FIELD OF THE INVENTION
[0002] The invention relates to a method and eyeglass for the
recovery and repair of eyesight.
BACKGROUND OF THE INVENTION
[0003] Human eyes participate unequally in the process of vision.
The so-called dominant eye plays a more active role in focusing,
while the non-dominant eye "only" follows the dominant eye and
assists in spatial vision. Typically the vision of the non-dominant
eye is weaker than that of the dominant eye. During childhood, in
certain cases the non-dominant eye might become lazy accompanied by
significant vision loss. Around middle age a slow but continuous
vision loss begins. Typically the non-dominant eye suffers first
from vision loss and degree of the loss is more pronounced. The
individual does not register this vision loss for a long time,
because the brain corrects for it as long as possible.
[0004] Numerous well-known methods and devices have been developed
for the diagnosis and treatment of this process. U.S. Pat. No.
5,264,877 describes an eyeglass with lenses that are at least
partially coated with a film that darkens in response to
electricity to open and close the path of light in front of both
eyes with a 4-12 Hz, or 6-15 Hz frequency, respectively. The human
eye is unable to effectively sense these frequencies.
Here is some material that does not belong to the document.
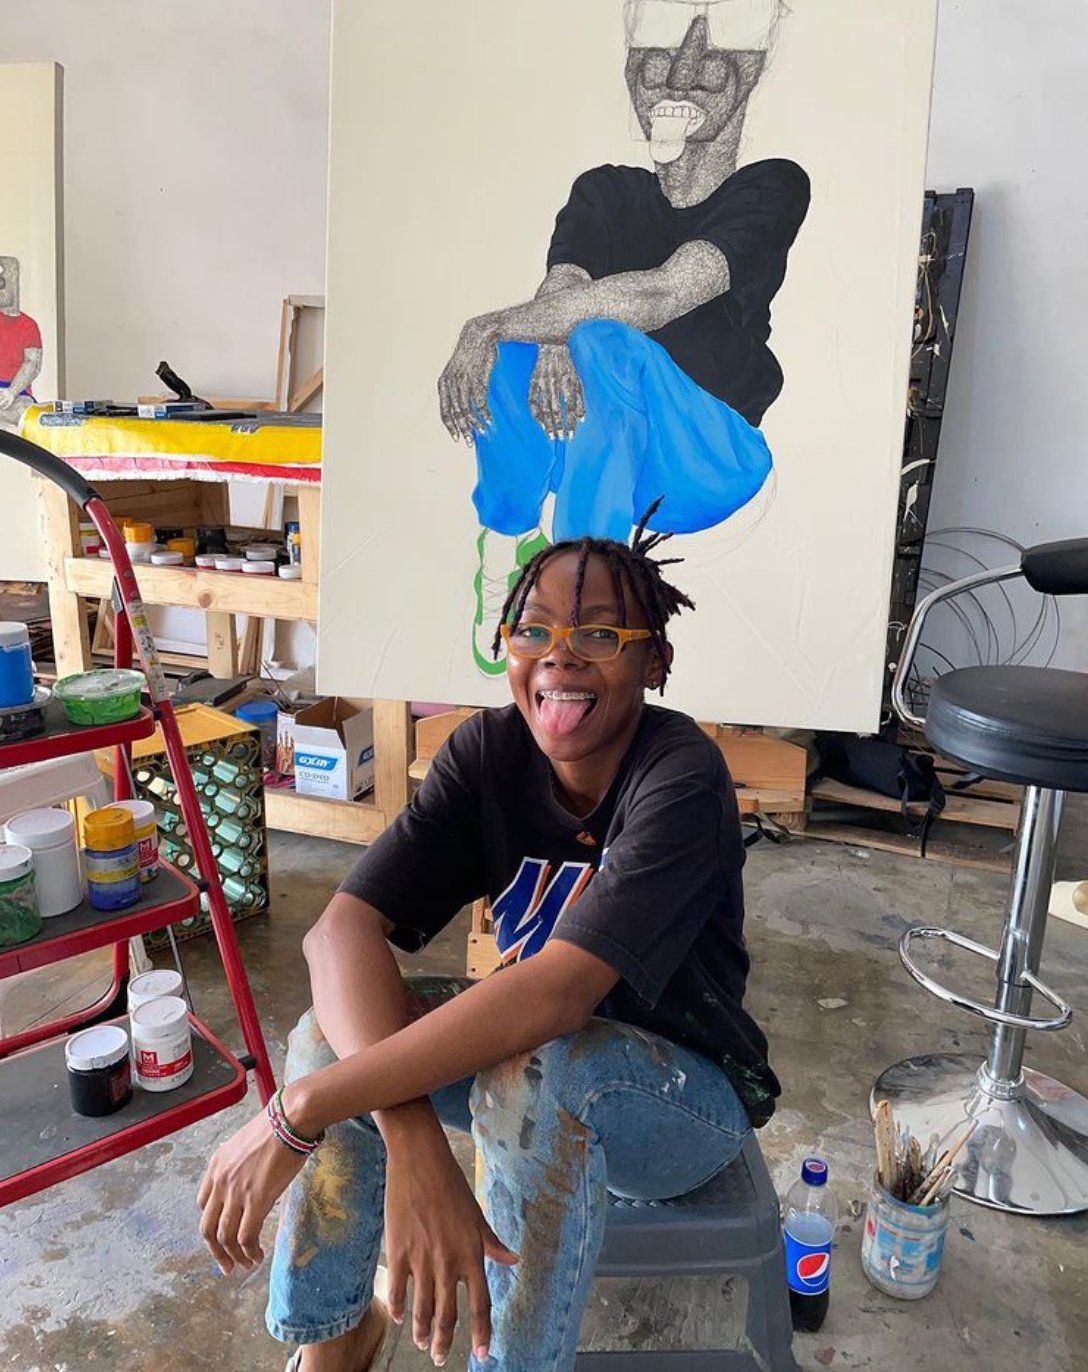 OP-ED: Ayanfe Olarinde Is Taking Her Fine Art Onto A Global Digital Stage Via NFT Tech
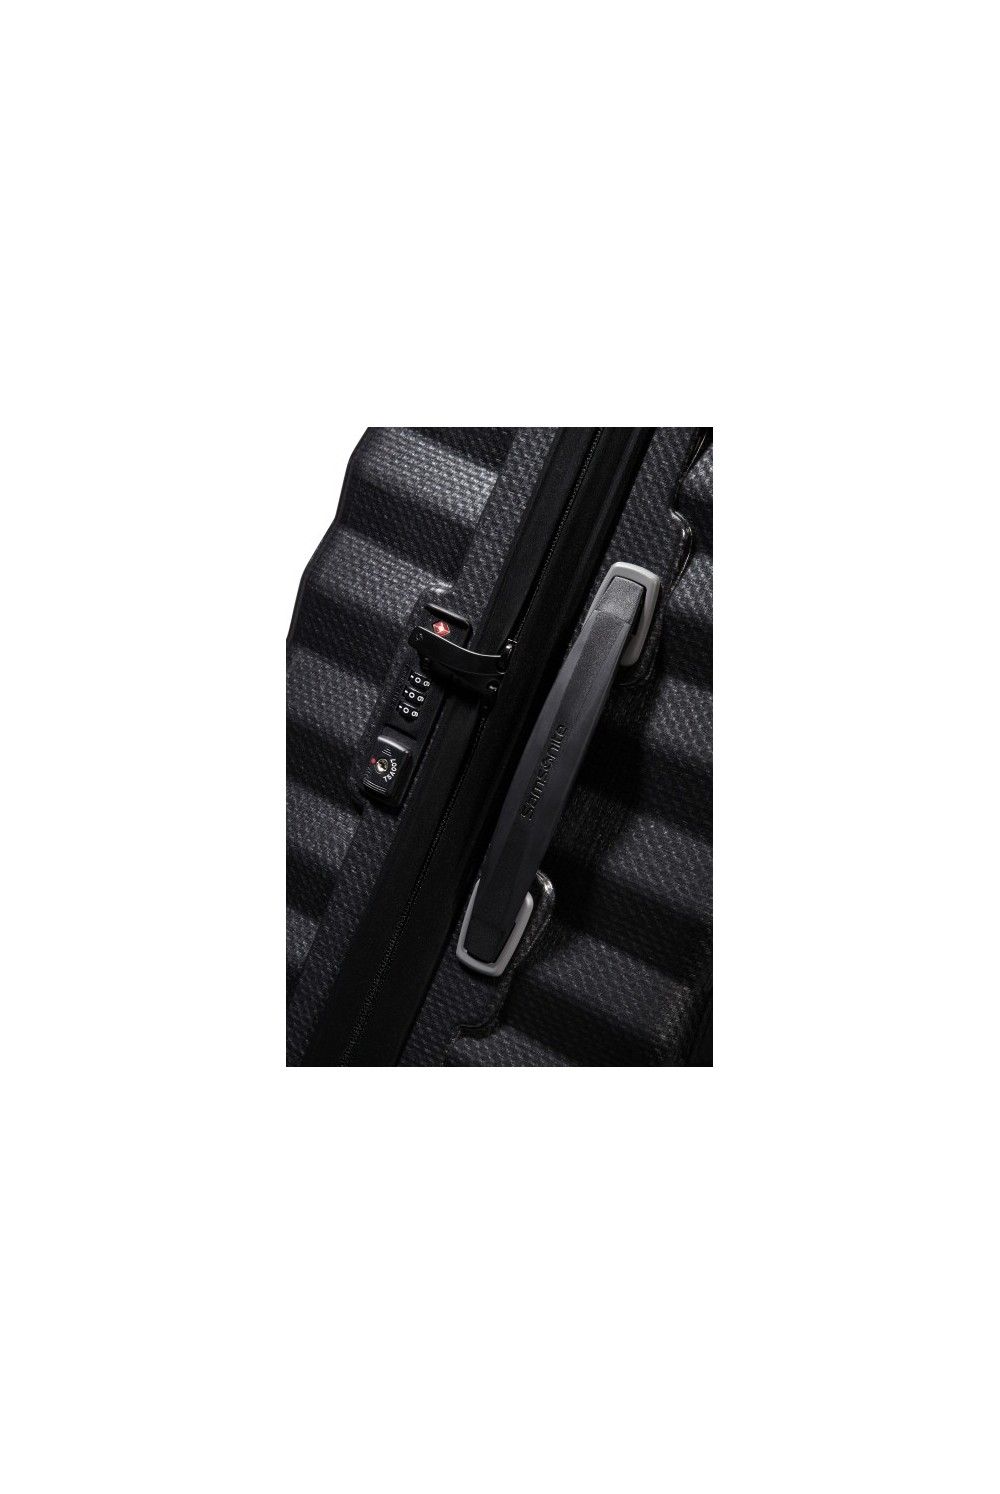 Samsonite Suitcase Lite Shock 81cm 124Liter 4 Wheel Black

[0005] U.S. Pat. No. 5,452,026 describes a device and method
containing one light-occluding unit in front of one or both eyes,
and said units are powered in such a way that the device stays
transparent to light for longer time in front of the weaker eye and
for a shorter time in front of the stronger eye thus providing more
time for the weaker eye to participate in vision. The device allows
for the control of the duty cycle as well as the opening time of
the light shutters in front of the eyes but the frequency also
falls into the frequency range that is not sensed by the human
eye.
[0006] U.S. Pat. No. 6,511,175 also describes and eyeglass
containing two controllable light shutters with individually
adjustable transparencies, which weaken the image in front of the
stronger eye in a controllable manner thus impelling the weaker eye
to work more efficiently.
[0007] The process described in U.S. Pat. No. 5,308,246 uses a
single lens to simultaneously close, then simultaneously open the
image in front of both eyes. Simultaneously opening and closing the
light shutter in front of both eyes does not shift dominance to the
weaker eye and is therefore not an efficient tool for vision repair
or recovery.
[0008] The device described in U.S. Pat. No. 7,452,067 also
contains to light shutters; however, certain areas of the lens do
not darken but provide unimpeded vision. Instead of compelling the
eye to re-focus, this design projects the image onto different
areas of the fundus.
[0009] International publication No. WO/2013/040513 also proposes a
bilateral periodic interruption of the image seen by the human eye,
using frequencies in the range of 1 Hz to 15 Hz. Although sensed by
the human eye, this interruption does not evoke a change in the
brain that would result in improved vision.
SUMMARY OF THE INVENTION
[0010] We have recognized that a significantly greater, and
persistent effect can be achieved by simply forcing the lazier,
weaker eye to take over dominance from the dominant eye from time
to time and try to focus.
[0011] Based on our experiences it takes only a few minutes'
training to significantly improve the vision of the non-dominant
dye. Another very important factor is the length of the cycle.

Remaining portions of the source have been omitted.